Cairo is especially famous as one of the historical centers of Islamic culture; there is a rich selection of mosques from the 800s and a thousand years onwards (Ibn-Tulun, Hasan, al-Azhar) and several fine Islamic museums. The bazaar Khan al-Khalili attracts the purchase of glass, textiles and metal. The entire district of Bulaq seems to bring visitors several centuries back in time.

Those who can’t should neglect a visit to Alexandria, whose now-declining and once somewhat depraved elegance is best expressed in the European turn of the century architecture along the several-mile promenade and on some of the main streets. In the city there is an excellent museum of Hellenistic-Egyptian culture as well as the newly built library. To the east of Alexandria lies the well-equipped seaside resort of Montaza with the former royal family’s summer palace (now a museum). A completely different kind of memories awakens the monument to the fallen from both sides at el-Alamein, in the desert on the road to the Libyan border, where one of the decisive battles of the Second World War took place.
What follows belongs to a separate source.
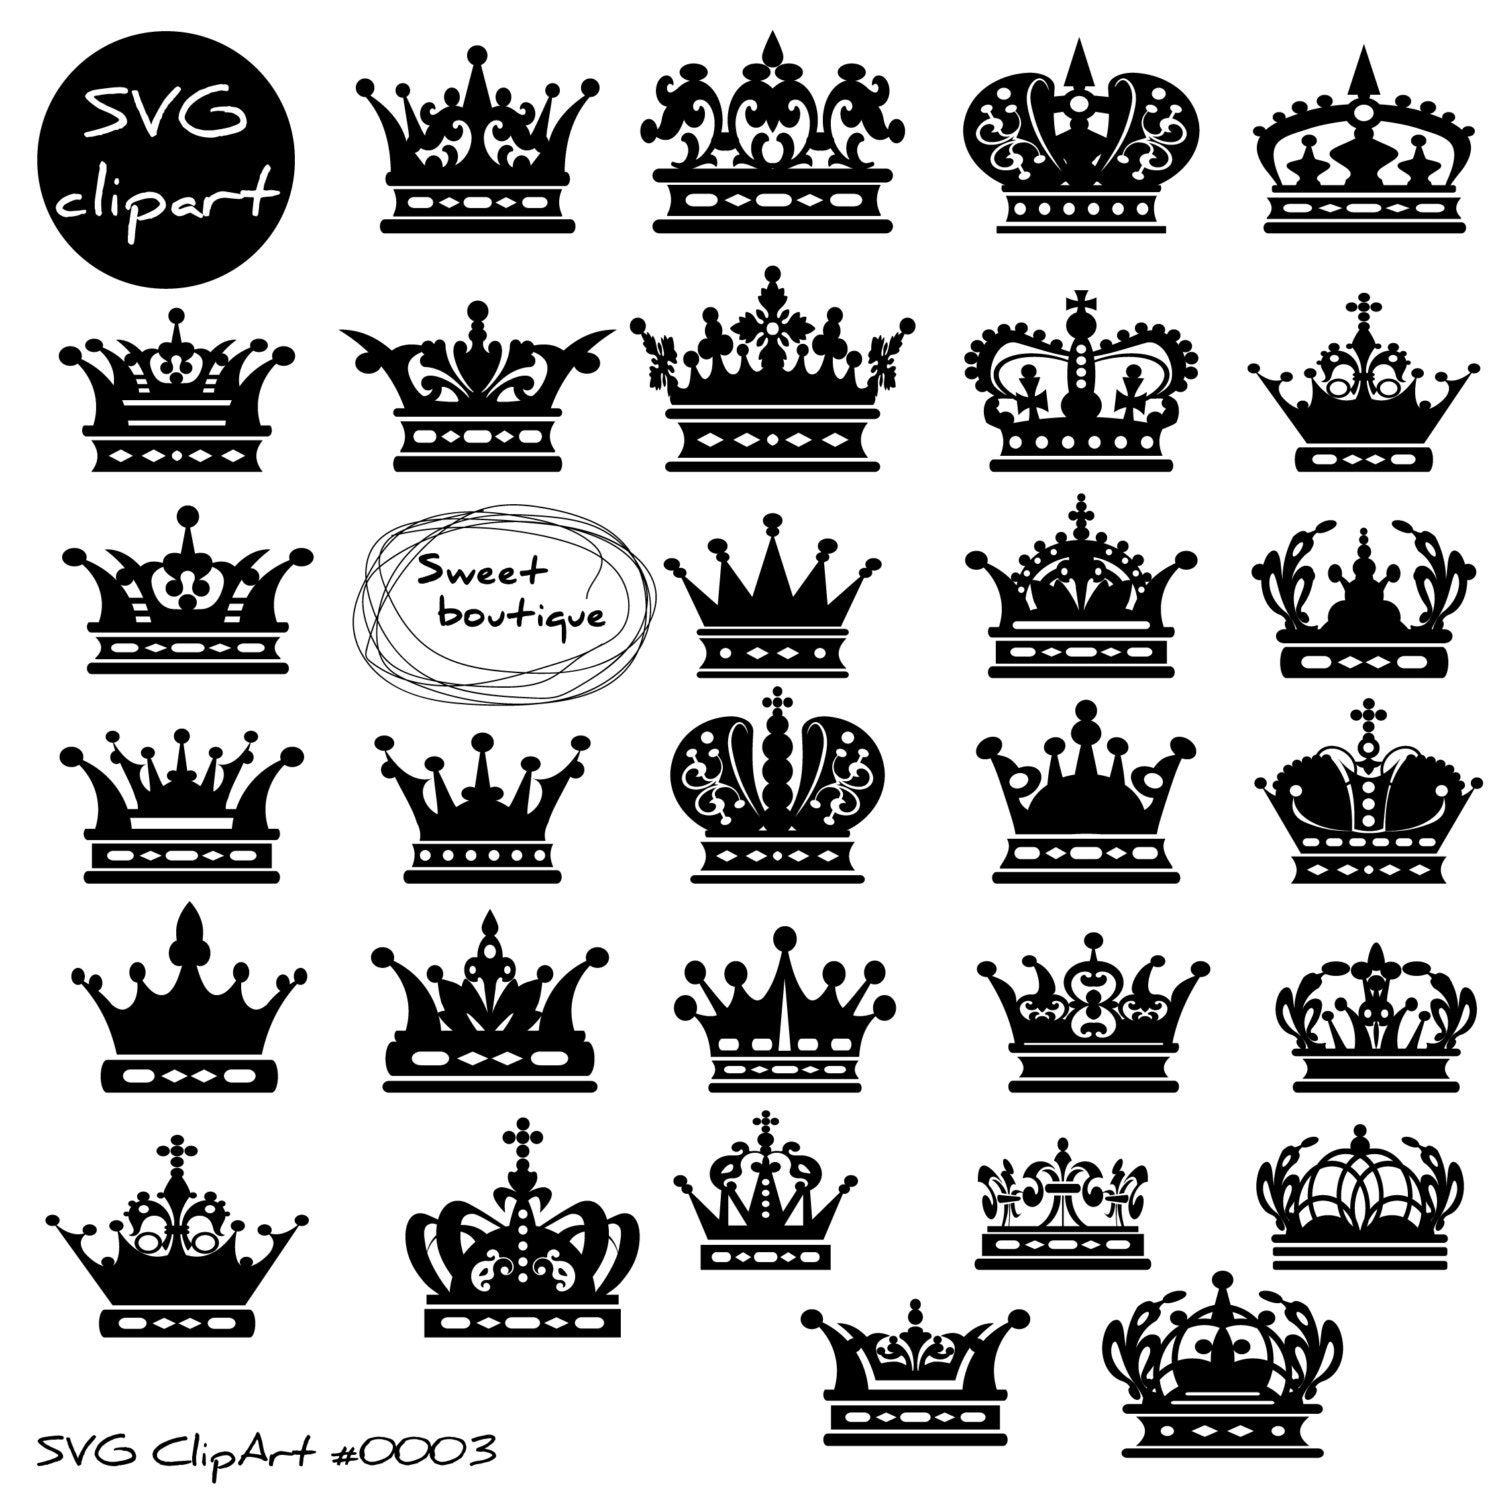 Download SVG Silhouette Crowns Digital Clip Art Crown Clipart Royal
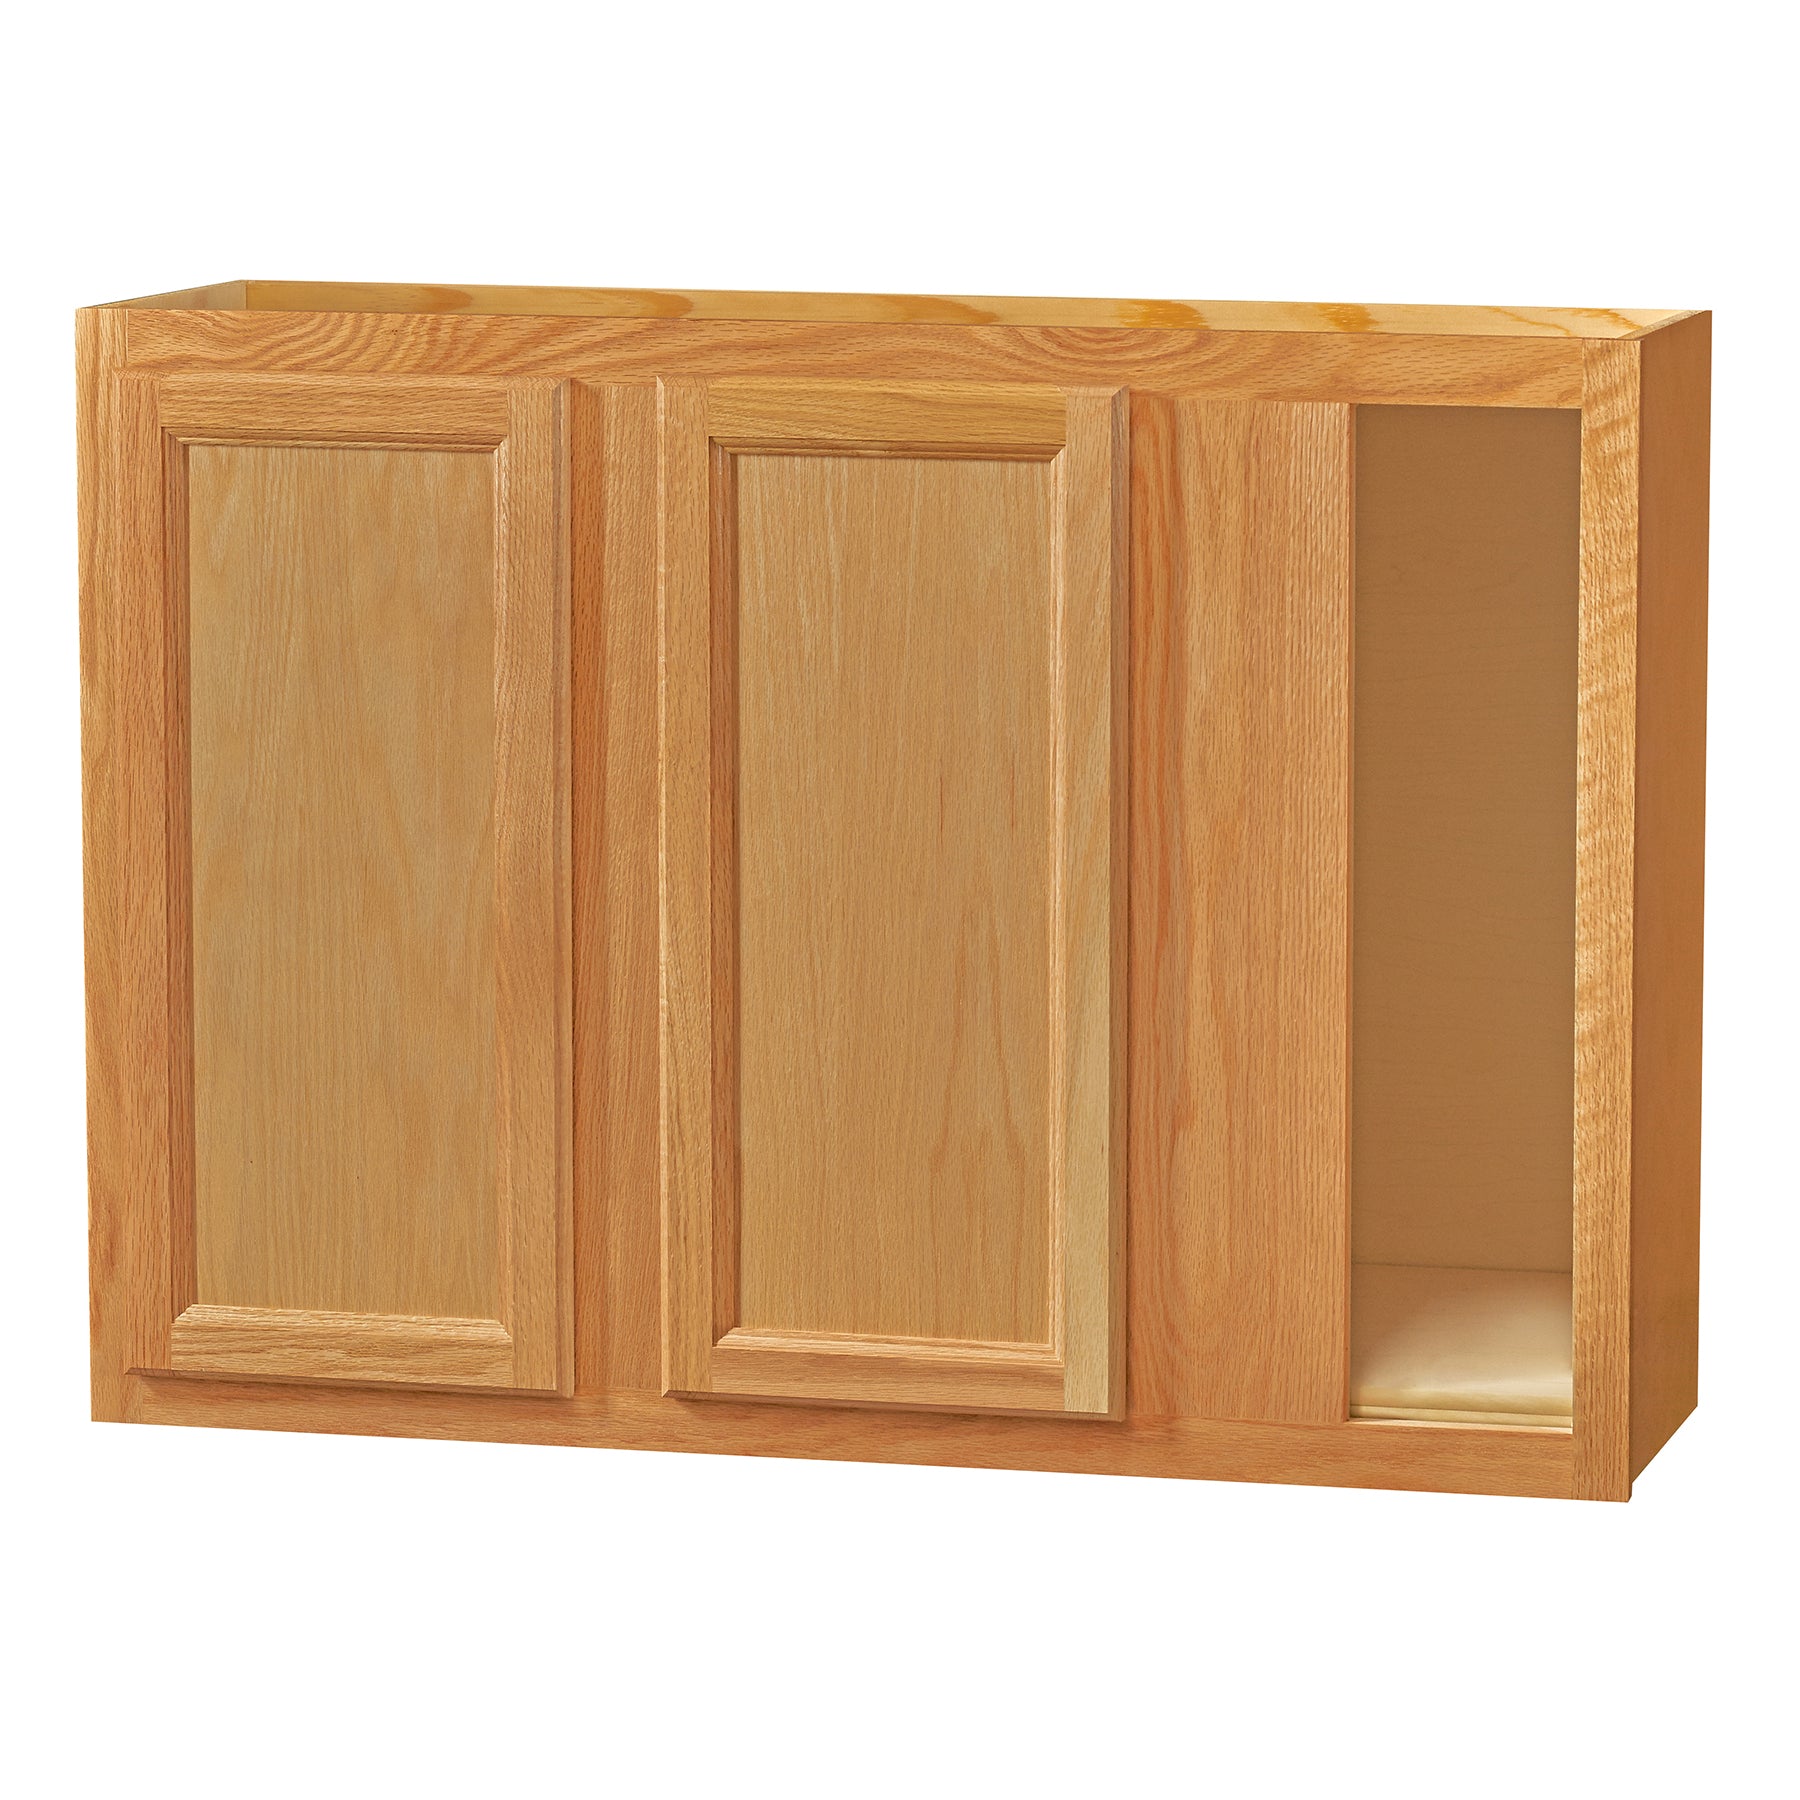 30 inch Wall Corner Cabinet - Chadwood Shaker - 42 Inch W x 30 Inch H x 12 Inch D

In Egypt, there are, in more or less renovated condition, some of the more than century-old classic tourist hotels for fine-dining: Cecil (since 2014 Steinberger Cecil Hotel) in Alexandria, Mena House in Giza and not least the hotel renovated guest house for Empress Eugénie when she inaugurated Suez Canals 1869; in Assuan is the Old Cataract Hotel. These hotels and many other restaurants, mainly in Cairo, eat well: European, Lebanese or Turkish cuisine, or why not Egyptian.

Gastronomy

The roots are the same for gastronomy in Egypt as throughout the Middle East and the Eastern Mediterranean: a simple food attitude in nomadic culture, mixed (and spiced) with influence from all over the known world that trade provided in combination with access to fish in the coastal regions. Cheese corn bread is the basis of the kitchen. Specifically Egyptian is the foul madame, which consists of brown beans with garlic, oil and lemon juice. The national court considers many to be molokheya, a sweet, green soup made from a spinach-like herb, with rabbit or chicken, garlic, coriander and sometimes tomato. Some claim that the origin of the law is ancient.

Sheep are the most common meat, roasted, ground or cooked, often as stew with eggs and vegetables. Cumin, coriander and cinnamon are daily spices. An essence of orange blossoms or cherry blossoms is used to give a fresh taste to the water. Dates, pistachios and almonds are ground into sweet pastries; Plums, pomegranates, mangoes and lime are eaten fresh.